Post date: Nov 01, 2015 11:47:39 PM
I ran numerous randomization tests to ask whether 20kb windows for ecotype pairs or the experiment that contained trait-associated SNPs (from gemma) had higher Fst than expected by chance. All of the files for this are in /labs/evolution/projects/timema_speciation/tcristinae/traits/. My R script for these analyses is traitFstRandomTest.R. This is pasted below, but has to be commented, uncommented and edited to run specific contrasts. Detailed results are below. In each case I give the PIP for inclusion, whether only unique SNPs (across traits) and windows (across and within traits) were counted, or multiple hits were allowed, which traits were included, and which ecotype pairs were included (all 4 where not specified), followed by the x-fold difference of trait-Fst to null expectations and the p-value. Clearly, there are more permutations of things we could try, but I think we have a fairly clear and believable story so far. Taking all of this together, I think we see that, there is never a giant jump in Fst, but that we do have a slight increase in Fst for trait associated SNPs when we include stripe, include or only count LA x PRC, and count windows multiple times if there are multiple hits. The pattern is indeed primarily driven by LG8 (see the attached figure for where the trait-associated SNPs are), and LG8 in particular has multiple windows tagged by multiple SNPs (and thus suffers more of a reduction when only counting unique hits).
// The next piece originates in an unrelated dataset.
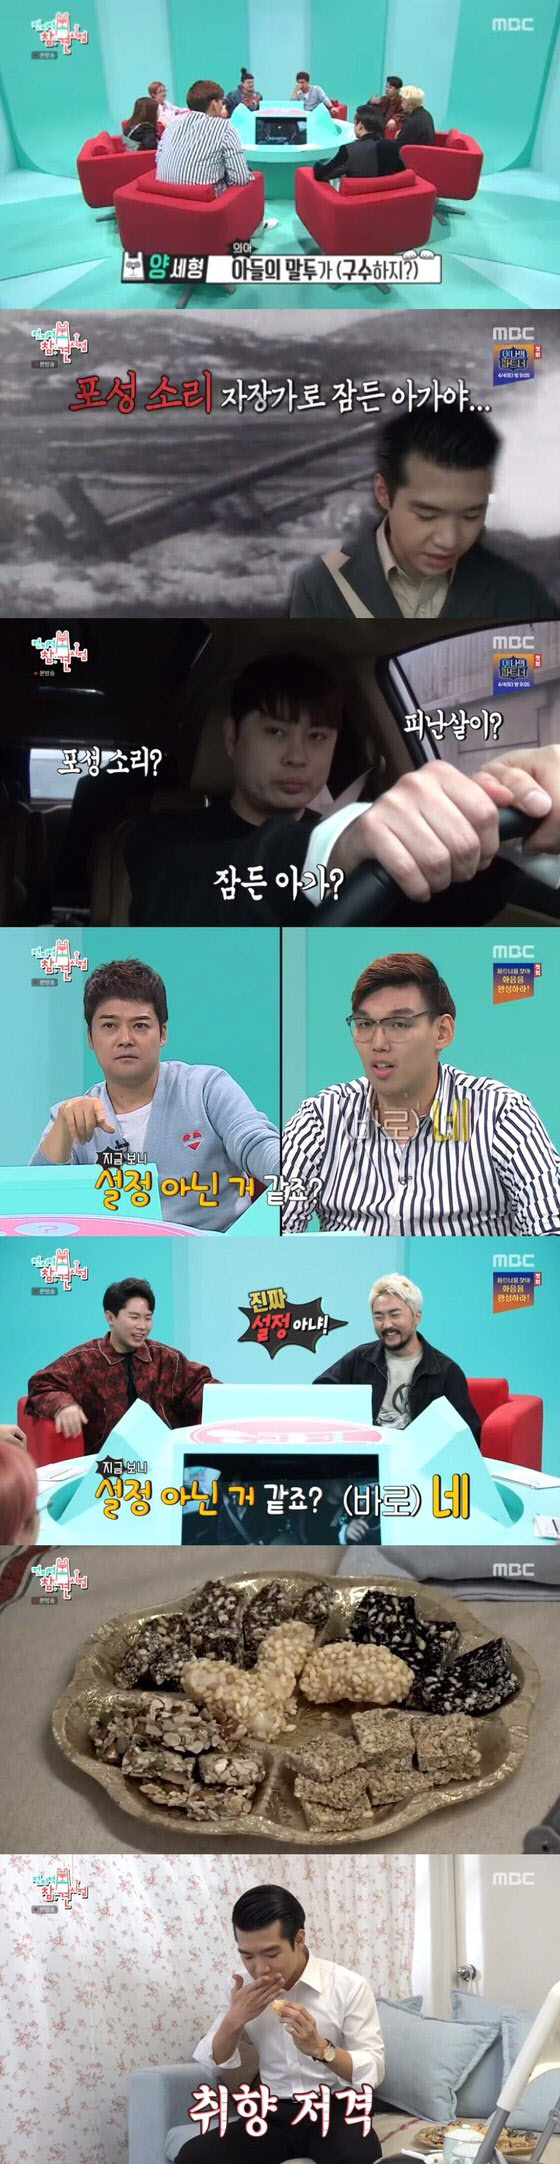 """'전참시' 트로트 왕자 조명섭 생애 첫 광고 촬영…""""박보검 형만 찍던 걸"""""""

This all makes eminent sense to me and really supports our story.
Counts of PIP 0.05 SNPs in 20kb windows on each LG:
multiple counting: 1 2 3 4 5 6 7 8 9 10 11 12 13
11 2 19 14 3 9 8 36 2 10 3 1 4
unique only: 1 2 3 4 5 6 7 8 9 10 11 12 13
7 1 16 13 3 8 6 15 2 10 3 1 4
PIP = 0.05, unique SNPs, unique windows, all (13) traits: 0.988x, p = 0.6364
PIP = 0.05, unique SNPs, multiple windows, all (13) traits: 1.05x, p = 0.0368
PIP = 0.05, multiple SNPs, multiple windows, all (13) traits: 1.05x, p = 0.0372
PIP = 0.05, multiple windows, stripe: 1.17x, p = 0.023
PIP = 0.05, unique windows, stripe: 1.13x, p = 0.0877
PIP = 0.1, multiple windows, stripe: 1.15x, p = 0.1012
PIP = 0.1, unique windows, stripe: 1.05x, p = 0.3338
PIP = 0.05, unique SNPs, unique windows, all but stripe: 0.987x, p = 0.6433
PIP = 0.05, unique SNPs, multiple windows, all but stripe: 1.04x, p = 0.1251
PIP = 0.05, multiple SNPs, multiple windows, all but stripe: 1.04x, p = 0.1162
PIP = 0.05, windows with >1 hit (counted once), all (13) traits: 1.07x, p = 0.1694
PIP = 0.05, windows with only 1 hit, all (13) traits: 0.966x, p = 0.1694, p = 0.8166
Comparison of >1 hit and only 1 hit windows (i.e. is Fst higher for >1), all (13) traits: 1.28x, p = 0.122
PIP = 0.05, paraptric pairs, multiple SNPs, multiple windows, all (13) traits: 0.989x, p = 0.6686
PIP = 0.05, allopatric pair, multiple SNPs, multiple windows, all (13) traits: 1.12x, p = 0.0081
PIP = 0.05, paraptric pairs, unique SNPs, unique windows, all (13) traits: 0.976x, p = 0.8014
PIP = 0.05, allopatric pair, unique SNPs, unique windows, all (13) traits: 1.00x, p = 0.481
Results related to the selection experiment (these make much less sense, as stripe shows a weaker signal):
PIP = 0.05, founders, multiple windows, all (13) traits: 0.993x, p = 0.6022
PIP = 0.05, survivors, multiple windows, all (13) traits: 1.011x, p = 0.3143
PIP = 0.05, survivors-founders, multiple windows, all (13) traits: 1.018x, p = 0.2761
PIP = 0.05, survivors-founders, unique windows, all (13) traits: 1.034x, p = 0.1749
PIP = 0.05, founders, multiple windows, stripe: 0.912x, p = 0.9173
PIP = 0.05, survivors, multiple windows, stripe: 0.925x, p = 0.8756
PIP = 0.05, survivors-founders, multiple windows, stripe: 0.929x, p = 0.7869
PIP = 0.05, survivors-founders, unique windows, stripe: 0.934x, p = 0.713
PIP = 0.05, founders, multiple windows, all but stripe: 1.01x, p = 0.3322
PIP = 0.05, survivors, multiple windows, all but stripe: 1.03x, p = 0.1435
PIP = 0.05, survivors-founders, multiple windows, all but stripe: 1.035x, p = 0.1503
PIP = 0.05, survivors-founders, unique windows, all but stripe: 1.043x, p = 0.136
R script:
## trait pips
TrBL<-as.matrix(read.table("pip_2013FHA_all_BL_MAF01_sparse.txt",header=F))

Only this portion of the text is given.